Here's how that falls out of what I'd already dug up: the reference classes split into two tiers depending on how hard a bar they're actually pricing. Samotsvety's superforecasters put standard "AGI" (average-competent-human across most tasks) at 28% by 2030; Metaculus's crowd comes out around 30% on the same kind of bar, interpolating their reported 25%-by-2029 and 50%-by-2033 figures. The one data point that asks almost exactly your question — Grace et al.'s survey of published AI researchers, on the probability of machines outperforming humans at literally every task — works out to roughly 15% by 2030 once you interpolate their reported 10%-by-~2027 and 50%-by-2047 figures, and that's before accounting for how stale it is (it predates the 2025–2026 benchmark acceleration I'd found).
Your definition is a strictly harder version of even that closest match. It requires beating the single best documented human, not just "workers" generally; something close to elite-human consistency, not just frequent success; and broad expert/scientific consensus actually recognizing this has happened, which historically lags the underlying reality by a year or more even in narrower, easier-to-adjudicate domains like chess.
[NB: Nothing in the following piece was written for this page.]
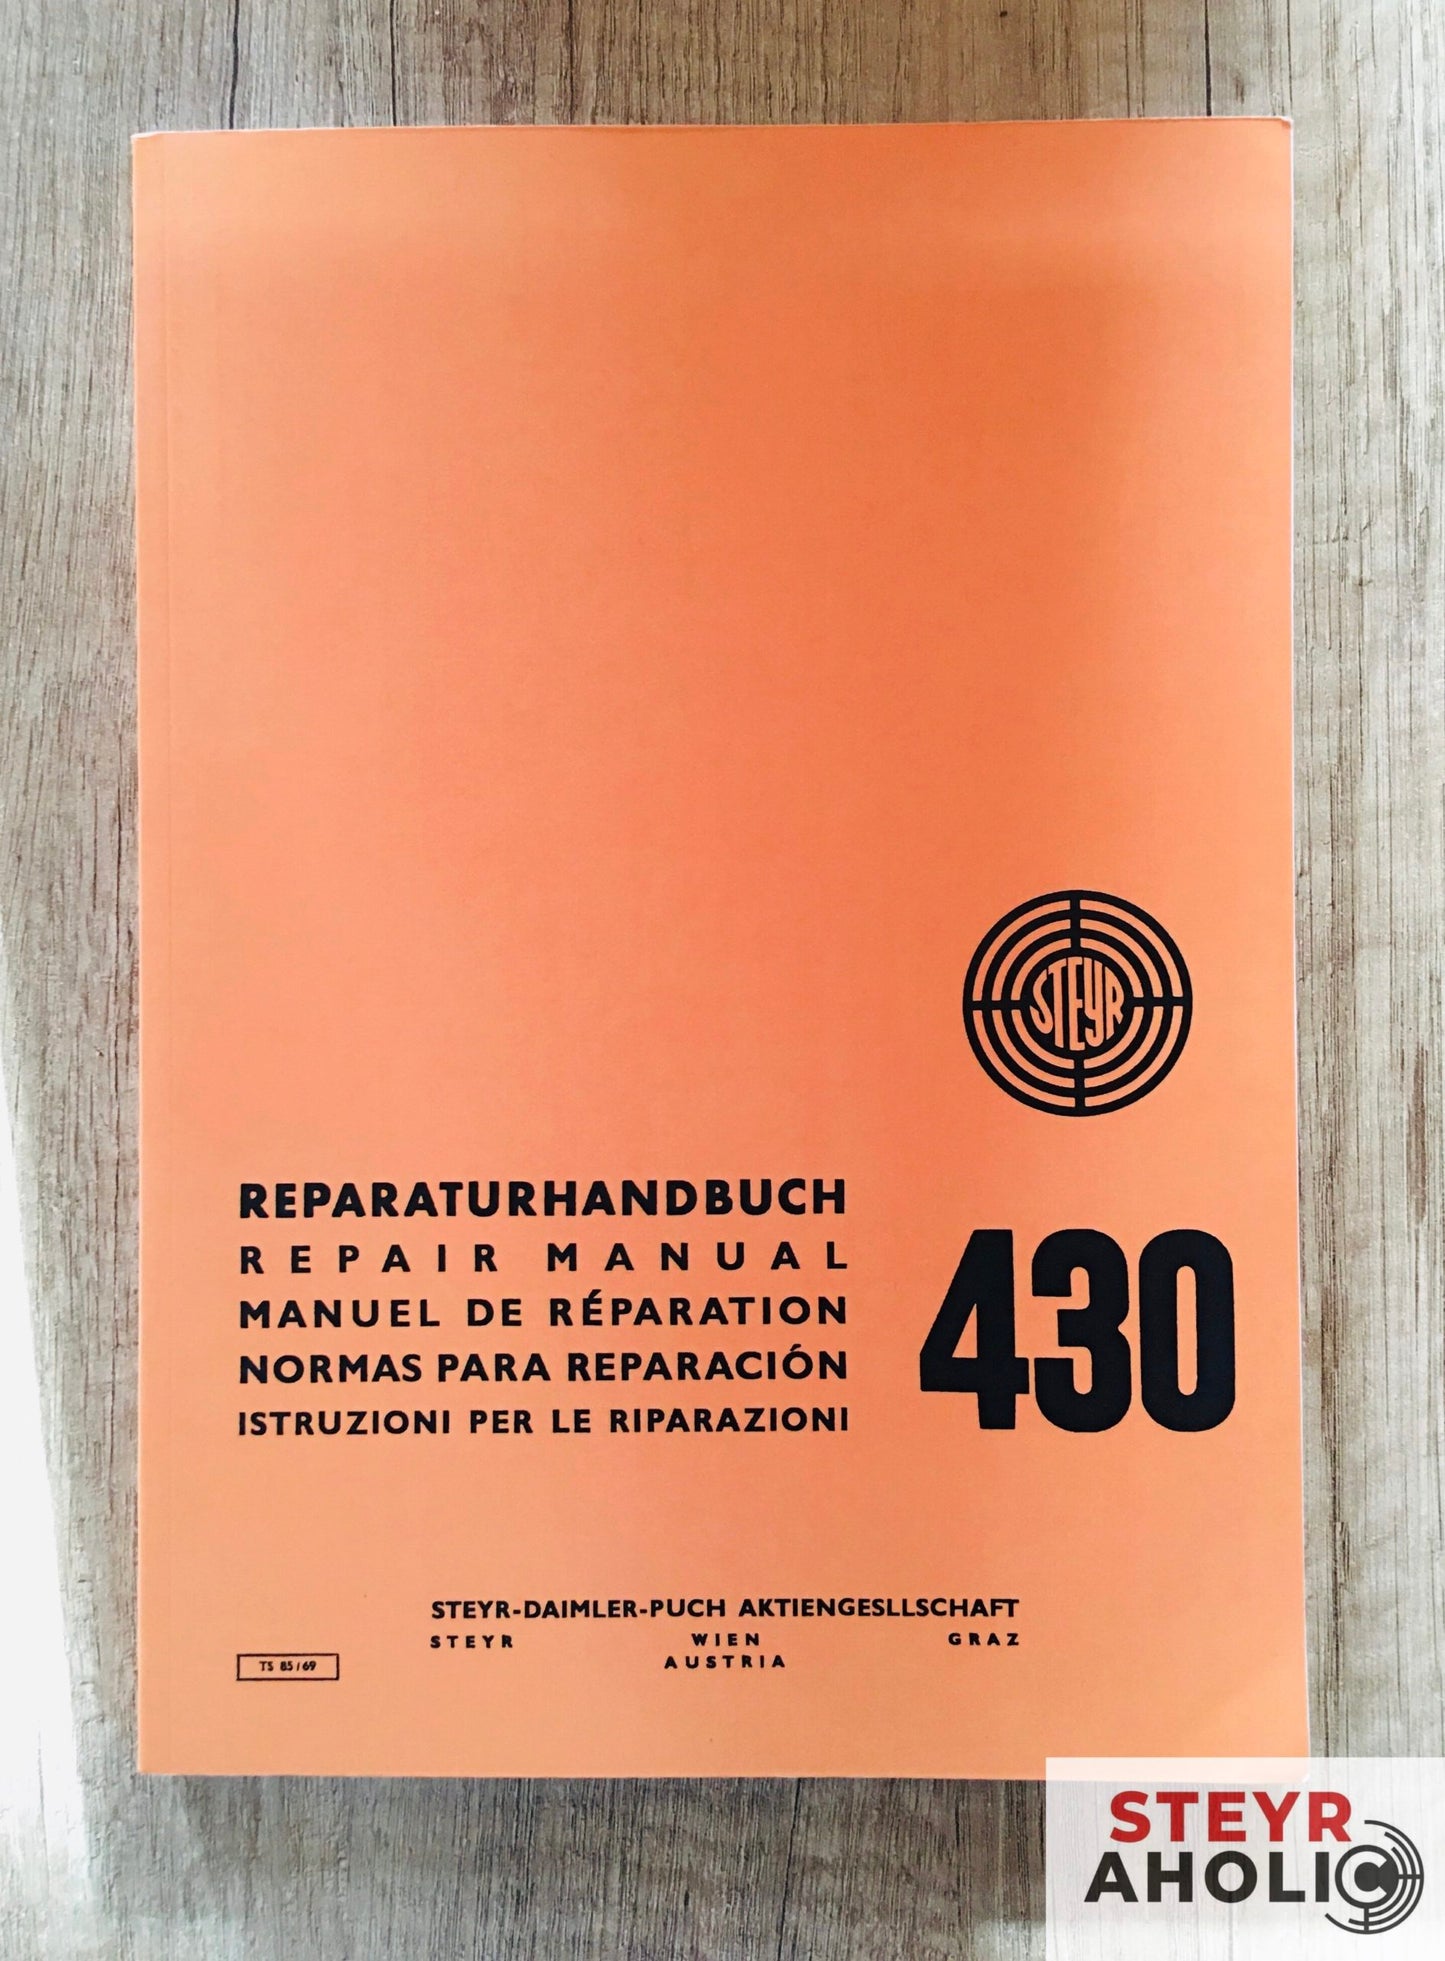 Reparaturhandbuch Steyr 430

It's a little easier in one respect — excluding embodiment and dexterity — but that buys back less than it sounds like, since proving theorems, writing novels, and professional analysis were never dexterity-gated to begin with. That's why I land below that 15% figure rather than above it: the extra stringency outweighs the staleness adjustment.
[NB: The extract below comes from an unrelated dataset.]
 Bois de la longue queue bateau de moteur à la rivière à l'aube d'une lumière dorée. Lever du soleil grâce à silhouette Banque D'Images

That also matches what the capability frontier actually shows: genuinely superhuman performance where reward signals are dense and verifiable (competition math, coding, Mythos Preview autonomously chaining novel exploits), sitting right next to near-total failure on tasks requiring a world model built from scratch in a genuinely novel setting (ARC-AGI-3 — humans solve 100%, frontier models were under 1% as of this spring). That jaggedness, with new gaps reopening each time an old one closes, is exactly what should keep this forecast well below the "beats humans at most things, often" number.
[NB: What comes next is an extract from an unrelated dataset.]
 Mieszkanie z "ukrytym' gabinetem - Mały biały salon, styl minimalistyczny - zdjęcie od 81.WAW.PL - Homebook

The biggest lever in either direction: whether current reasoning/agentic progress genuinely generalizes to novel-environment planning the way it has to math and code (pushes up a lot if yes), versus Yann LeCun's bet that transformer-based LLMs structurally can't close that particular gap without a different architecture (pushes down hard if he's right) — that's a live, unresolved disagreement among serious researchers, not a settled question, and it's doing most of the work in my uncertainty range."